UPDATE: Whoops! I'm wrong about the biG agency. I just noticed that if you click on the "creative" tab in the search results, plenty of RF commercial images of handicrafts (and of just about everything else) come up. The "editorial" tab is selected by default, so all my searches there have been in vain. More confused than ever now... ūüôĀ

How do you know these don't have releases?

Their contributers often go to great lengths to get releases, even when it might seem nigh-on impossible*.

I once had a file rejected there as a possible IP concern. The reviewer happened to highlight the extremely tiny area of concern, which doesn't always happen.
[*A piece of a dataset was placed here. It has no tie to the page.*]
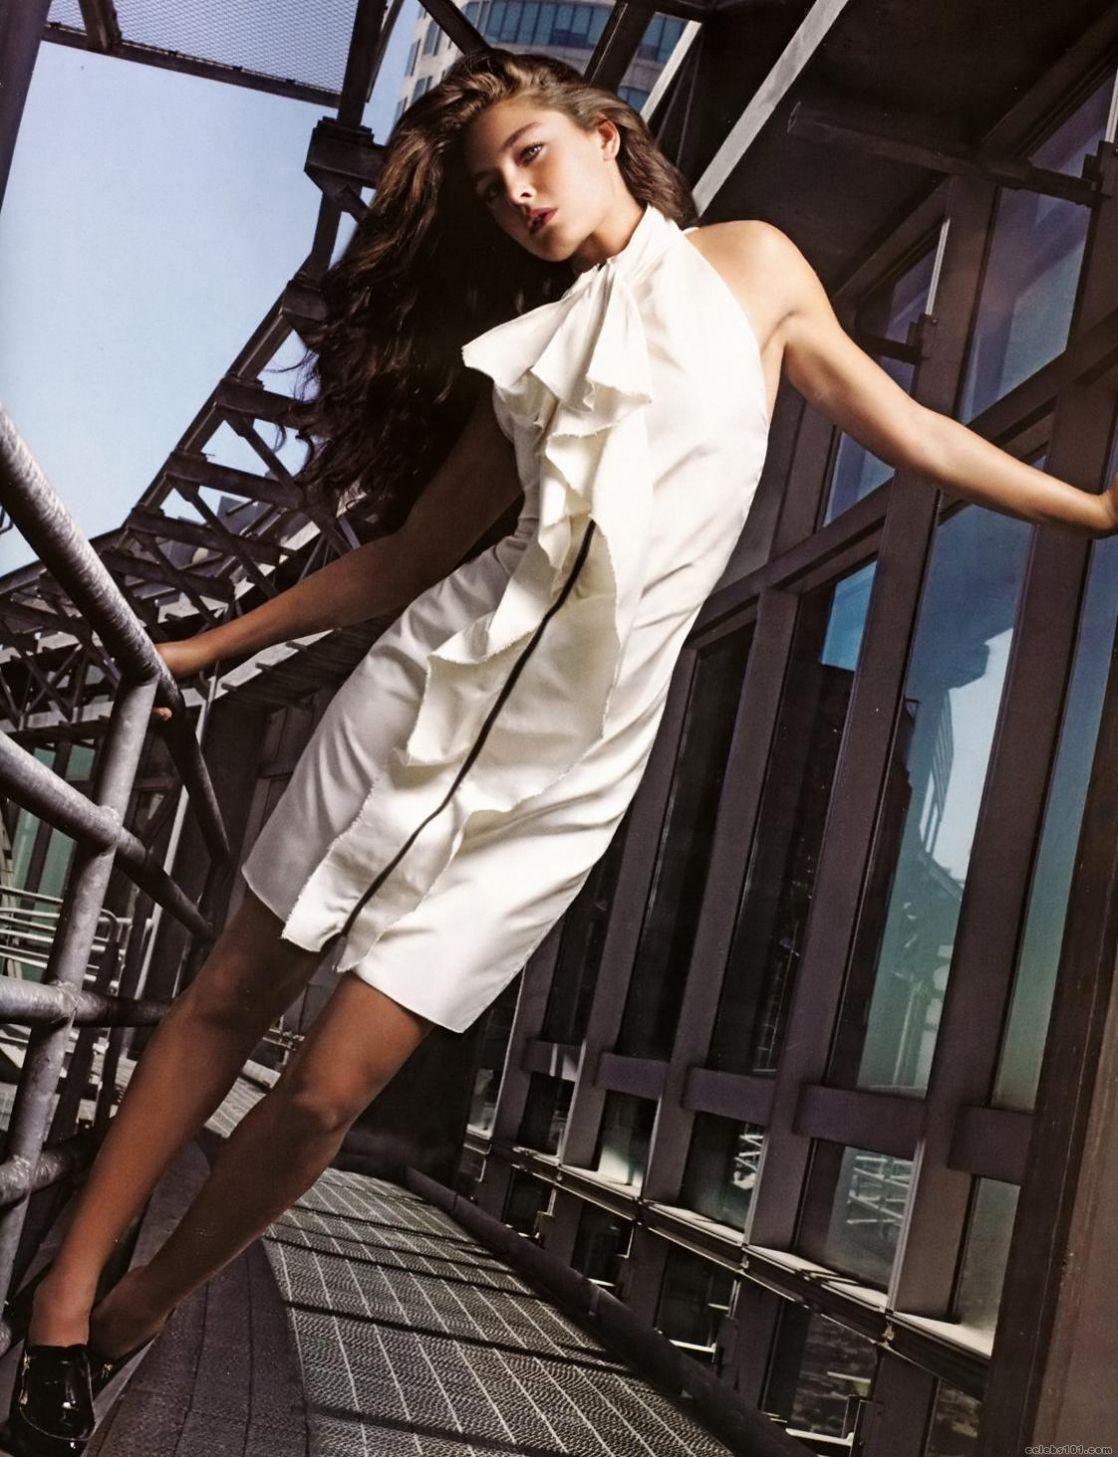 Alexa Davalos | Alexa davalos, Perfect woman, Model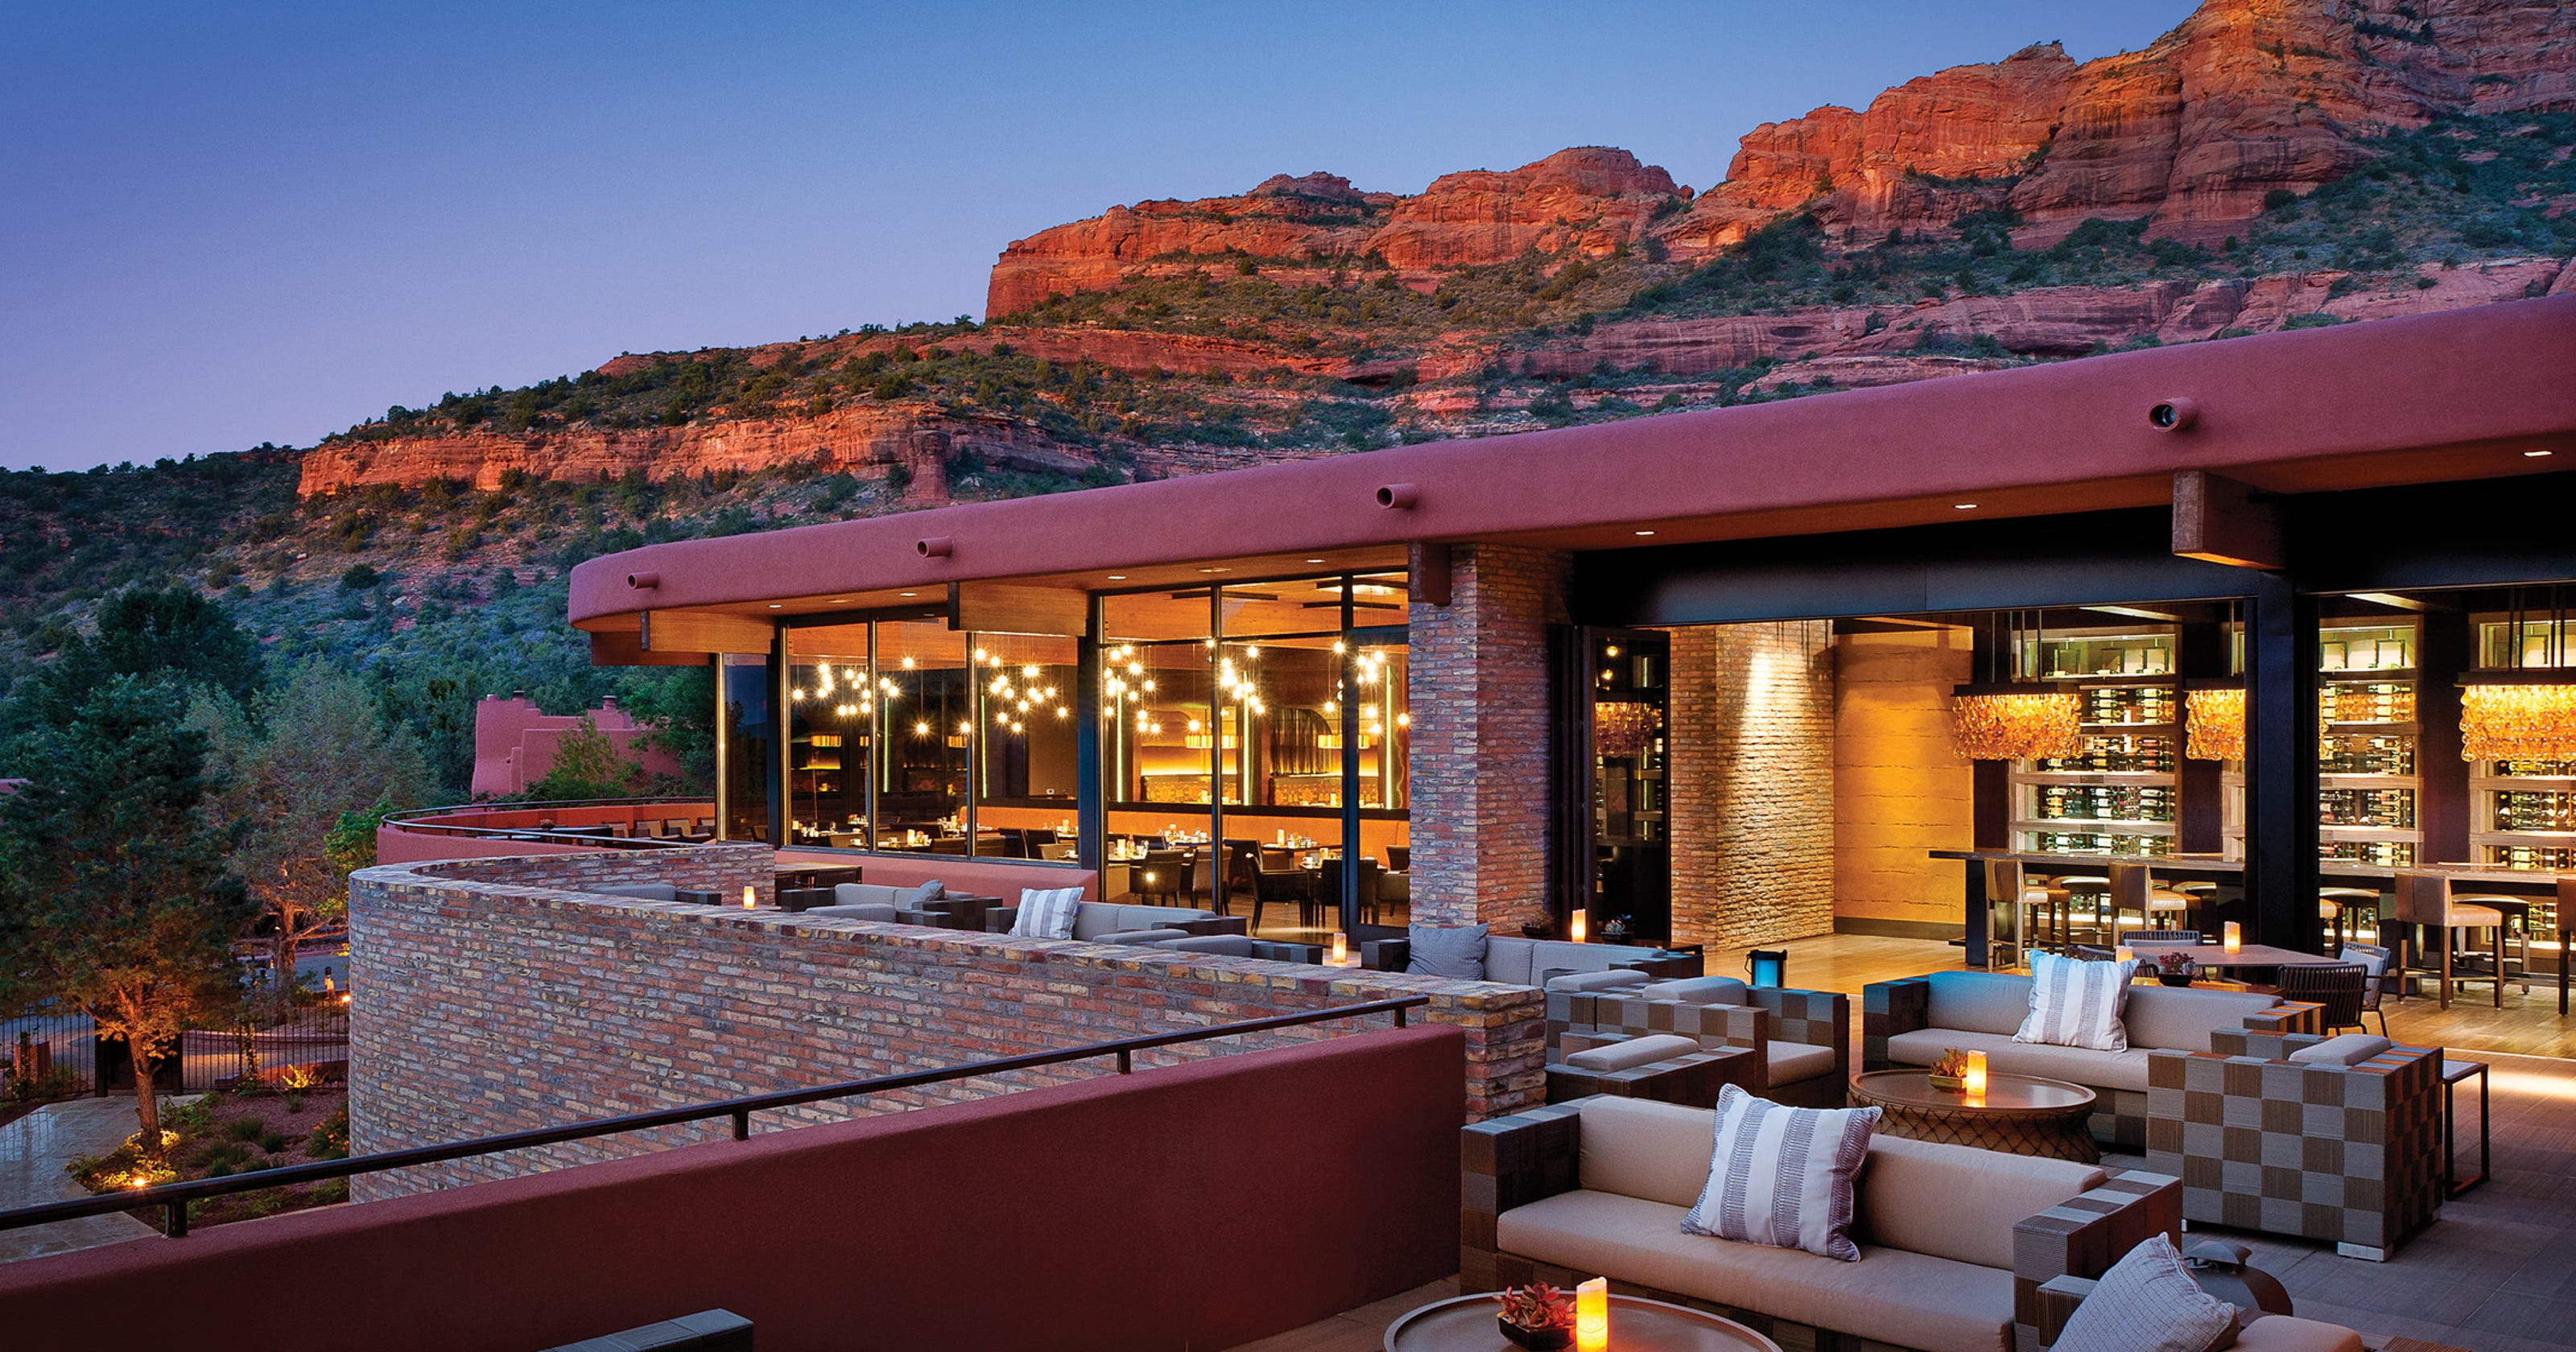 best sedona hotels for almost any budget. Black Bedroom Furniture Sets. Home Design Ideas

I easily cloned out the mark, but out of curiosity went back to the site and found there was a red mark/rough splodge, which could conceivably have been a logo or bit of artwork, but was where something had been stuck onto a grey-painted object, and pulled off revealing the red paint below.

 

*I've posted this before, but clearly I'm going about it the wrong way. I've emailled various people/entities asking for releases and usually don't get replies. One said "under no circumstances" would they permit a release on the interior of the building, as they wanted to control how such images are used, wanting to maintain a high-class perception. As there were several hundred of these on Alamy then (2011), I emailled OldAlamy to tell them. They weren't interested, I got nothing back other than the auto-reply, and there are still hundreds of interior pics on Alamy. There are signs forbidding photography on prominent show, but I got permission to photograph them for a course I was doing, but not for selling as stock.

 

The person who designed the interior has been dead for over 70 years, which probably makes the togs think the work is safe to upload.

Of course, I don't know if these photos were released, the togs having contacted someone else. I'd be really miffed if so - I emailled the person indicated as the contact person for enquiries when I got permission to photograph for my course.